Experience-replay Innovative Dynamics
Tuo Zhang, Leonardo Stella, Julian Barreiro-Gomez
TL;DR
This work tackles instability and nonstationarity in multi-agent reinforcement learning by moving beyond traditional replicator dynamics to innovative dynamics that can converge to Nash equilibria in broader game classes. It introduces Experience-replay Innovative Dynamics (ERID), a stateless reinforcement learning framework that uses an experience replay buffer and revision-protocol-based updates to emulate Brown-von Neumann-Nash (BNN), Smith, and Smith-replicator dynamics via adaptable protocol factors. The authors prove that ERID trajectories converge to the target dynamic using limits such as $\alpha K \to 0$ and $K \to \infty$, and validate these results with experiments on Matching Pennies and biased Rock-Paper-Scissors, demonstrating robust adaptation to nonstationary environments. Overall, ERID extends theoretical convergence guarantees for MARL beyond replicator dynamics and offers a practical mechanism to maintain equilibrium convergence under changing conditions.
Abstract
Despite its groundbreaking success, multi-agent reinforcement learning (MARL) still suffers from instability and nonstationarity.
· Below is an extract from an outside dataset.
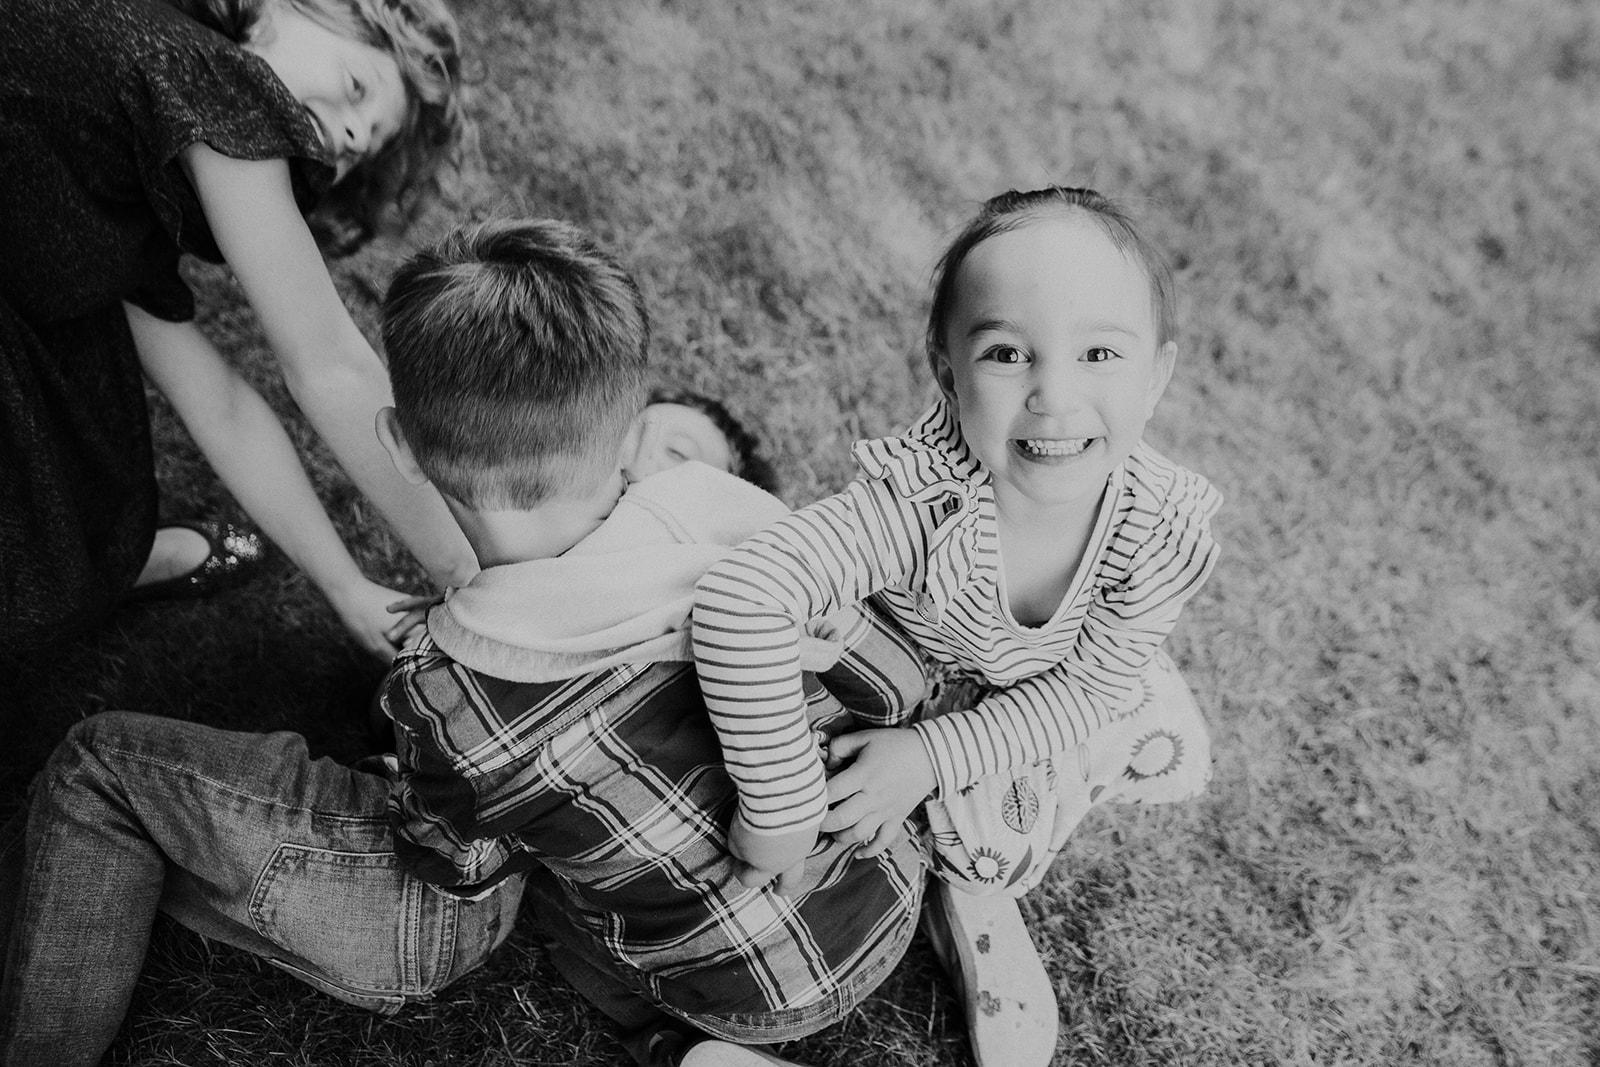 Family_Cabin_Photoshoot95.jpg

Replicator dynamics, the most well-known model from evolutionary game theory (EGT), provide a theoretical framework for the convergence of the trajectories to Nash equilibria and, as a result, have been used to ensure formal guarantees for MARL algorithms in stable game settings. However, they exhibit the opposite behavior in other settings, which poses the problem of finding alternatives to ensure convergence. In contrast, innovative dynamics, such as the Brown-von Neumann-Nash (BNN) or Smith, result in periodic trajectories with the potential to approximate Nash equilibria. Yet, no MARL algorithms based on these dynamics have been proposed. In response to this challenge, we develop a novel experience replay-based MARL algorithm that incorporates revision protocols as tunable hyperparameters. We demonstrate, by appropriately adjusting the revision protocols, that the behavior of our algorithm mirrors the trajectories resulting from these dynamics. Importantly, our contribution provides a framework capable of extending the theoretical guarantees of MARL algorithms beyond replicator dynamics. Finally, we corroborate our theoretical findings with empirical results.